# WHAT THE TASK REQUIRES
Below is a listing with pictures in it; transcribe exactly the lines from the one that has "FLORENCIA. Ponte Vecchio, sobre" through the one that has "Diyarbakır kayyımı Naci", and omit those pictures.

# SOURCE MATERIAL
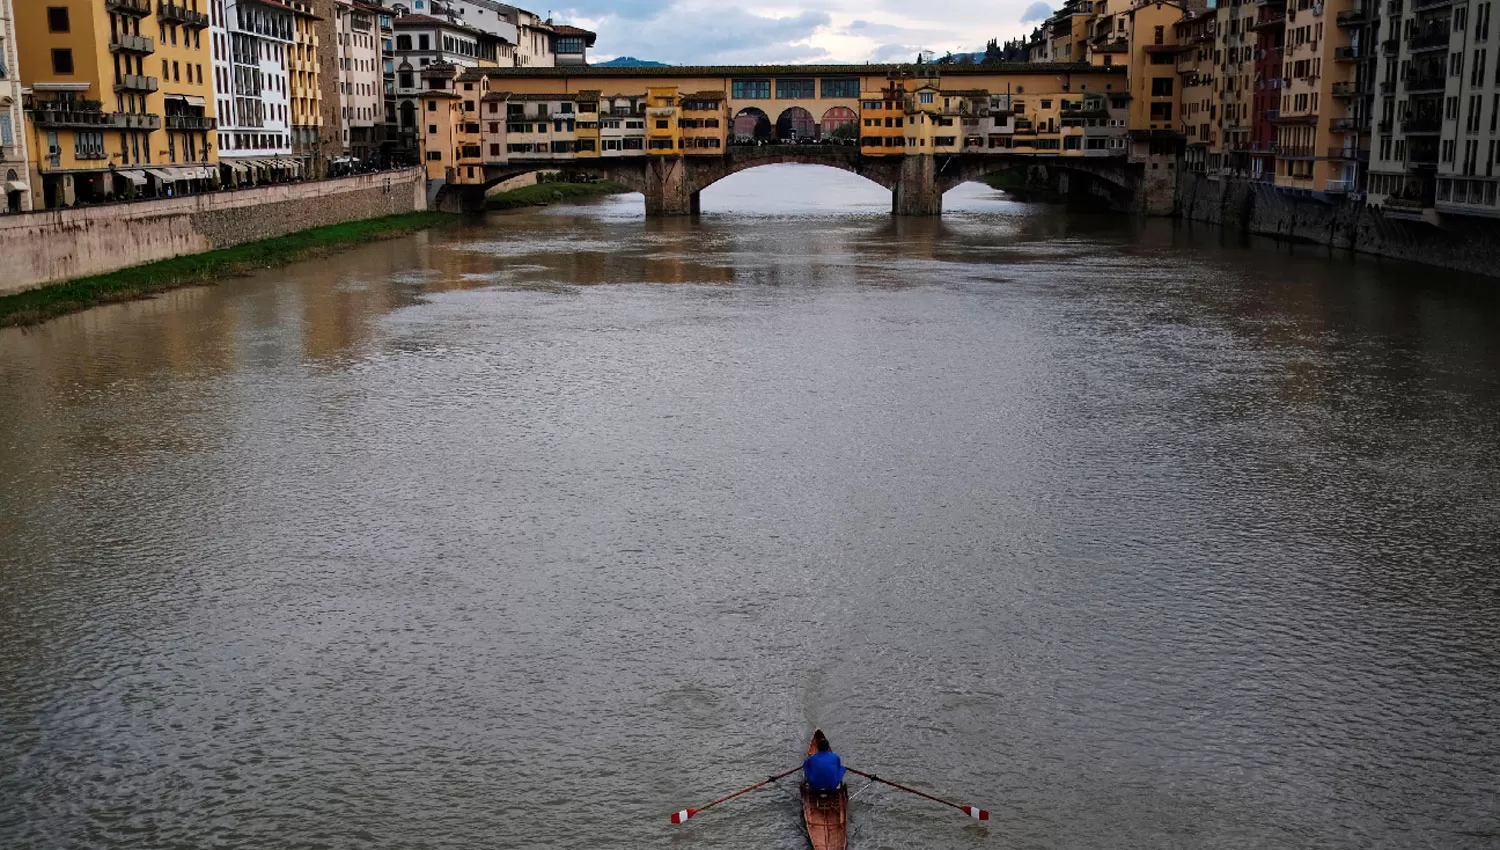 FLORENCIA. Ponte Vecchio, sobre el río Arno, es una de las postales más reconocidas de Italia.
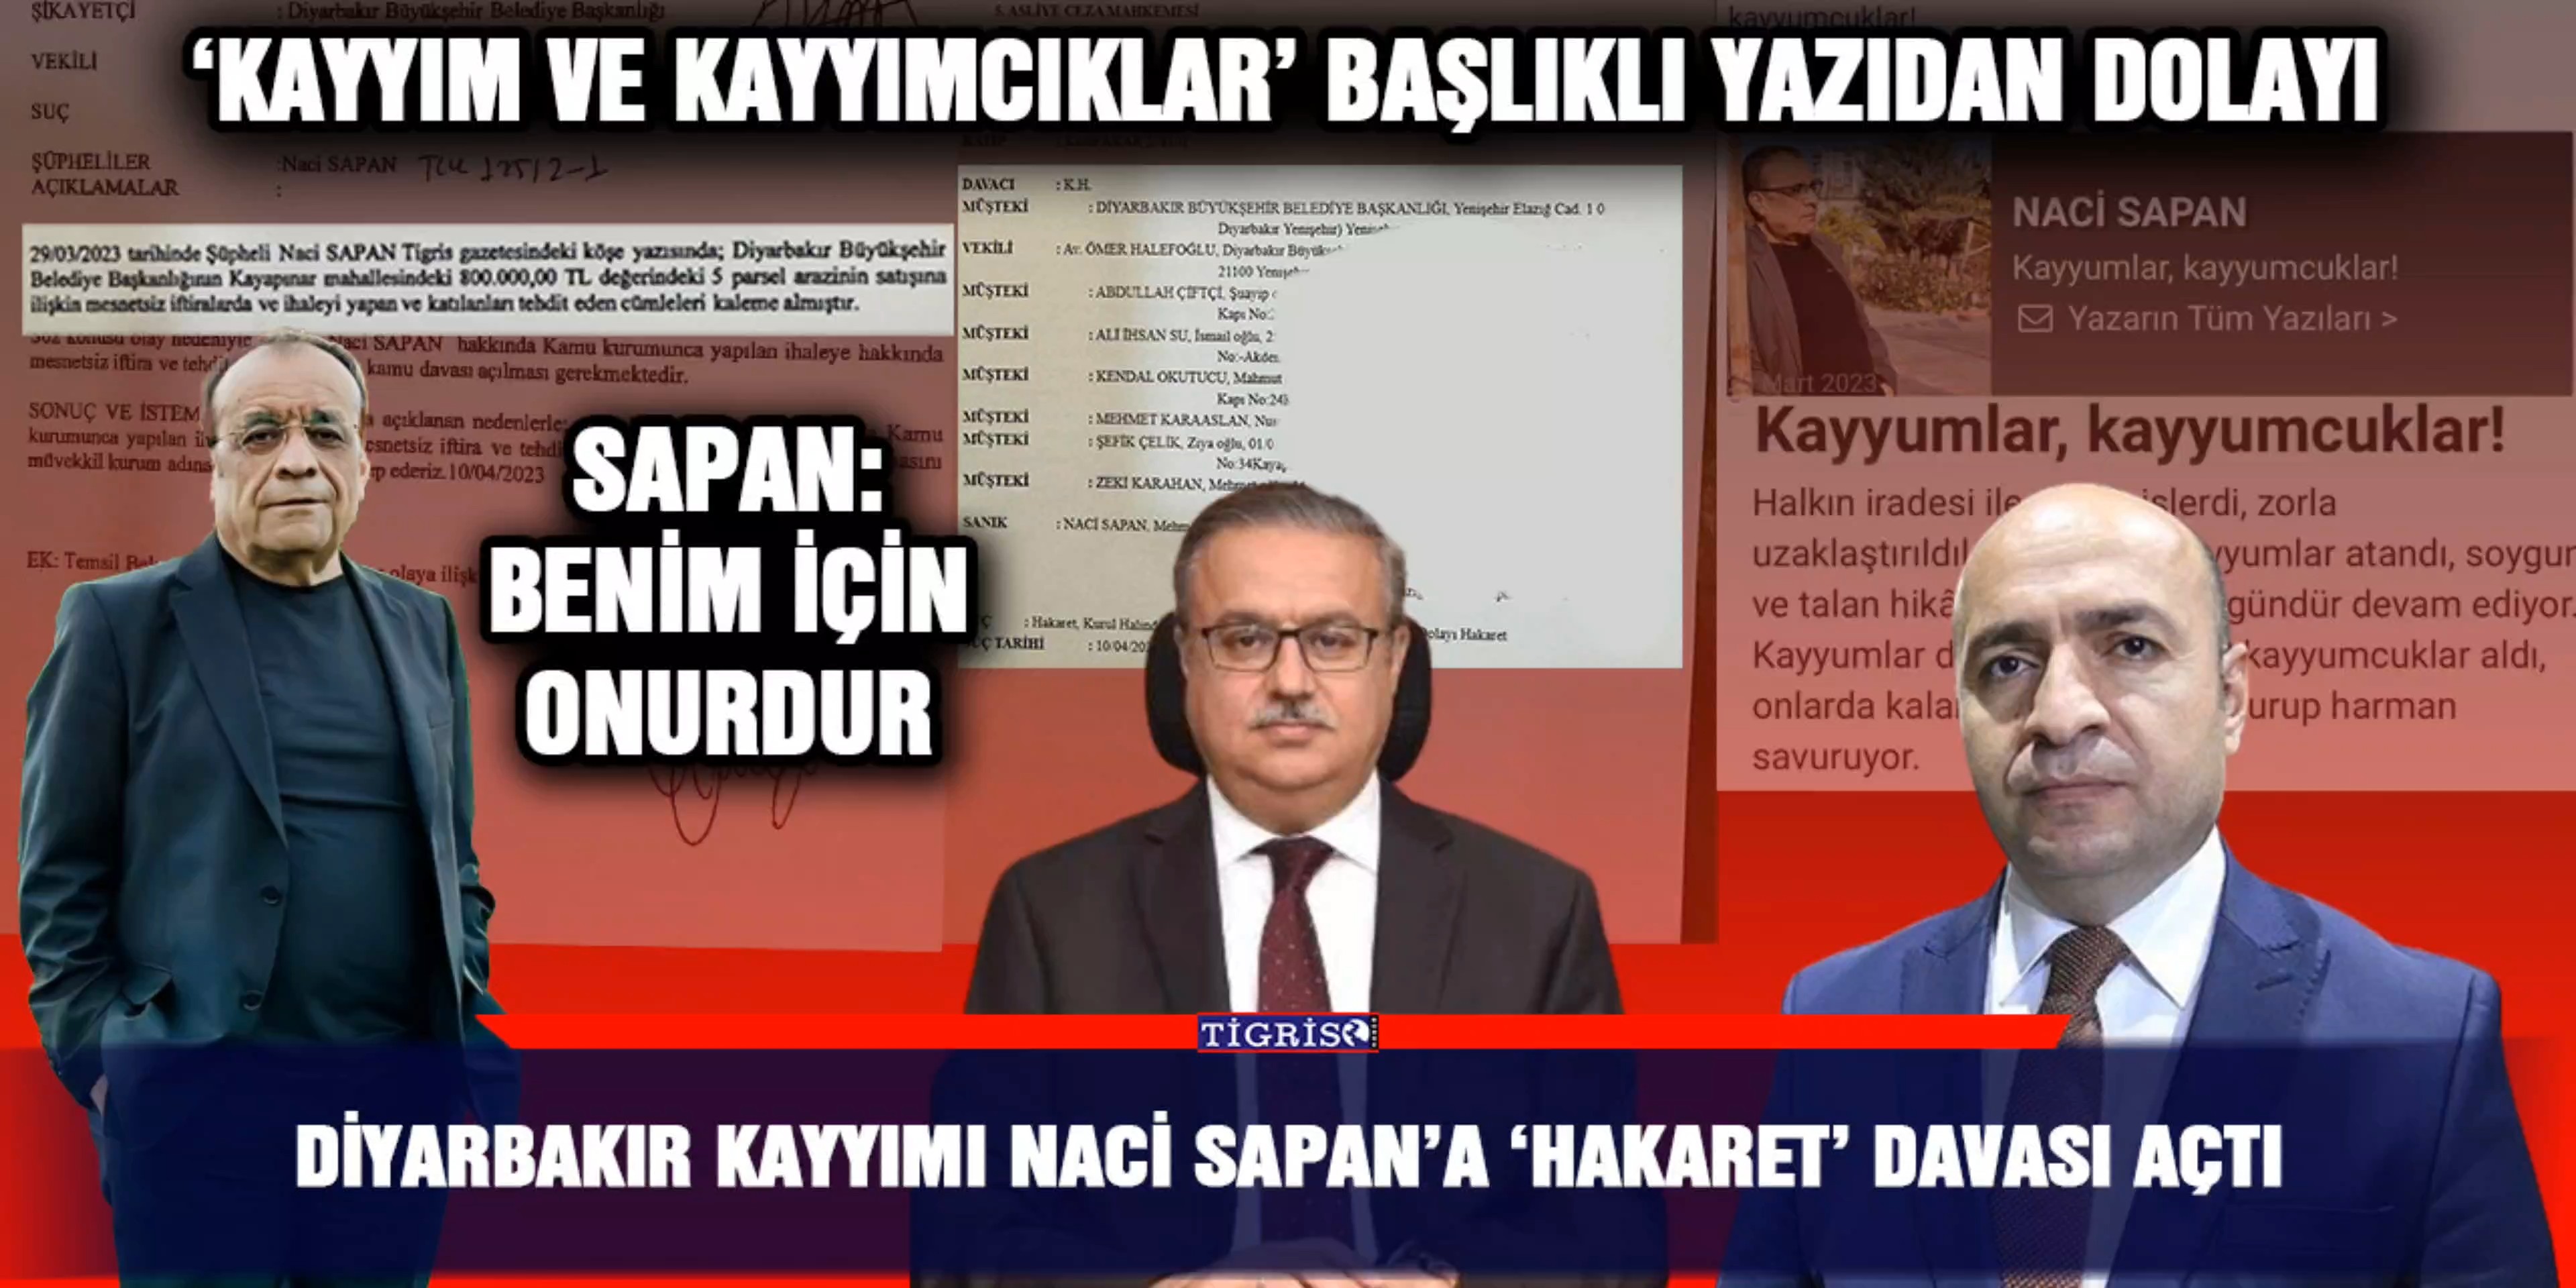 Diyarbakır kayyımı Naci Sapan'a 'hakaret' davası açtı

...

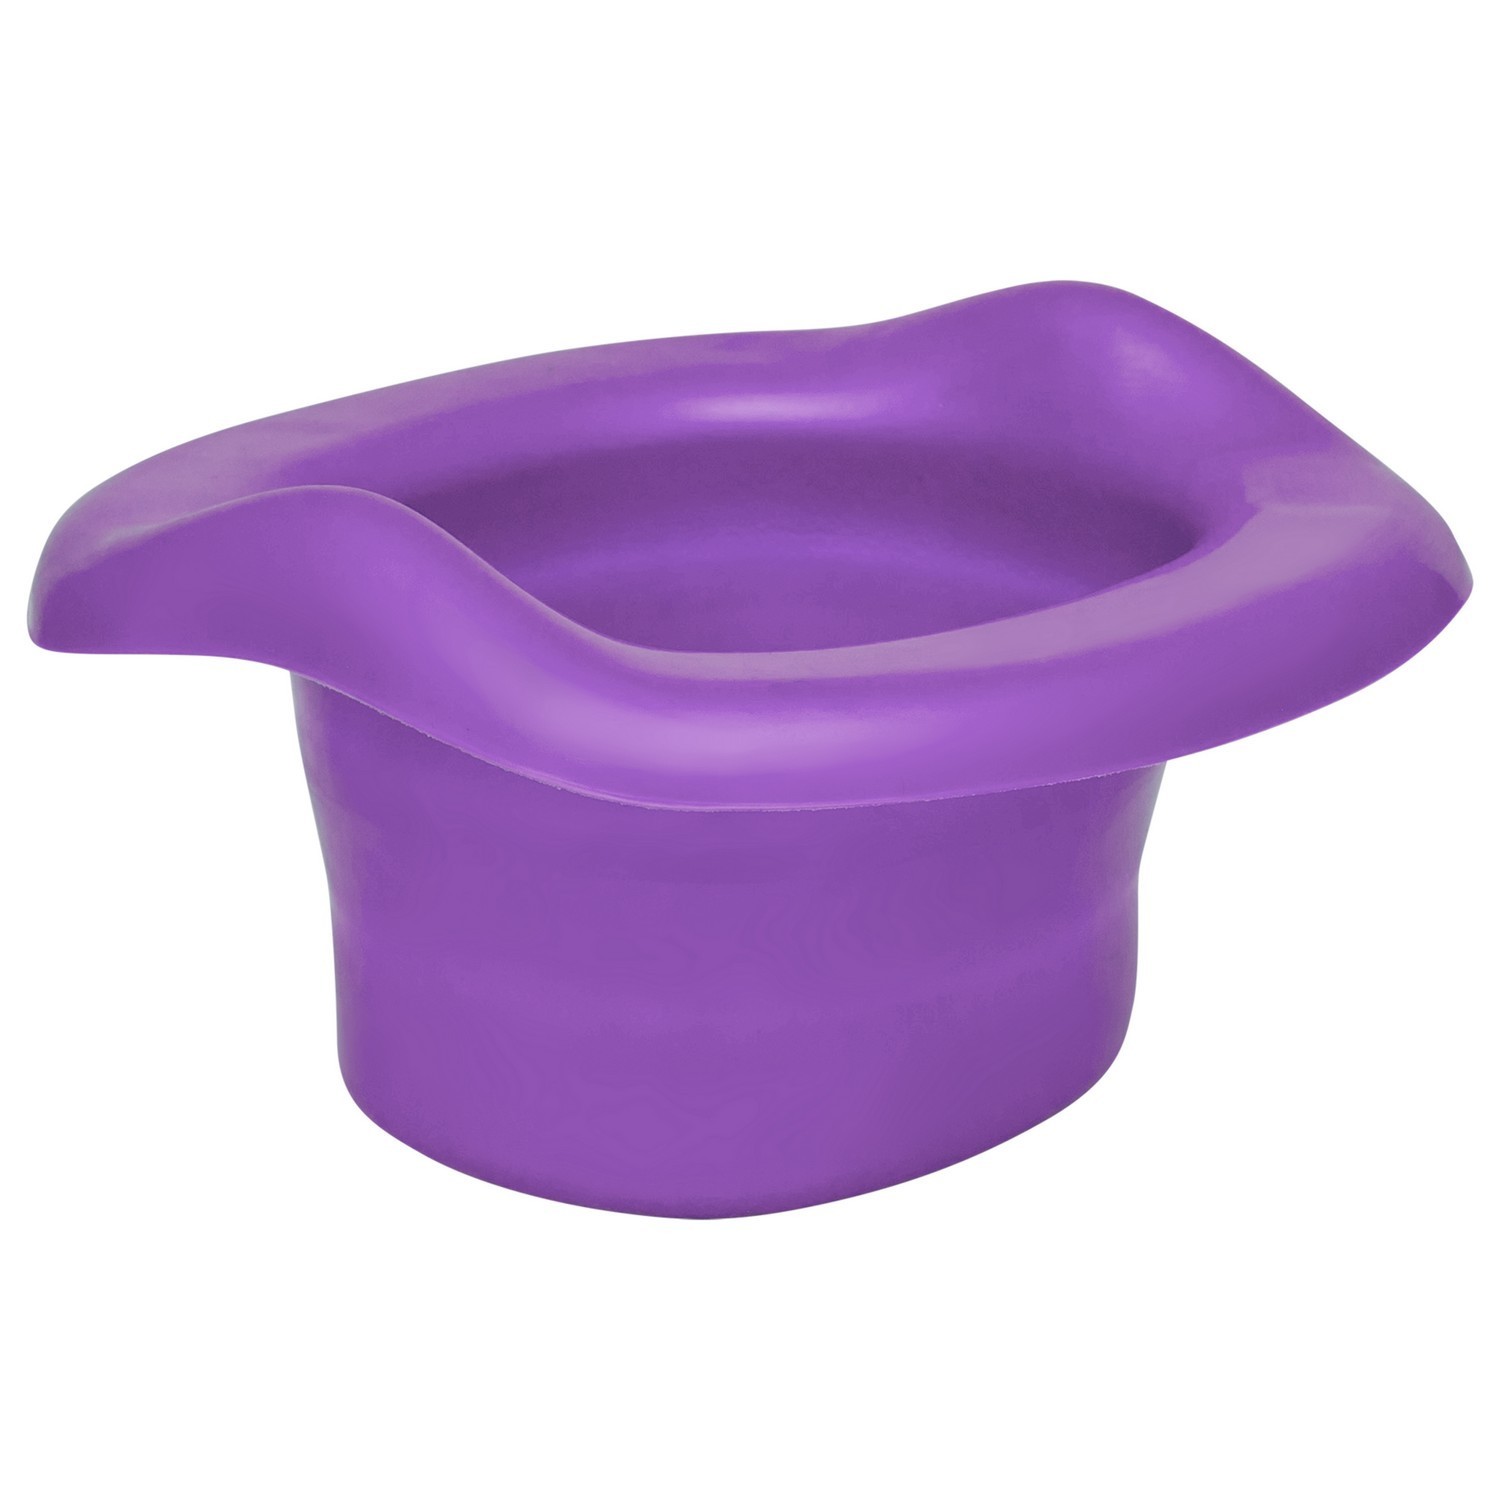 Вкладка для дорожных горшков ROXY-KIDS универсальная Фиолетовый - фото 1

# YOUR RESPONSE
 FLORENCIA. Ponte Vecchio, sobre el río Arno, es una de las postales más reconocidas de Italia.
 Diyarbakır kayyımı Naci Sapan'a 'hakaret' davası açtı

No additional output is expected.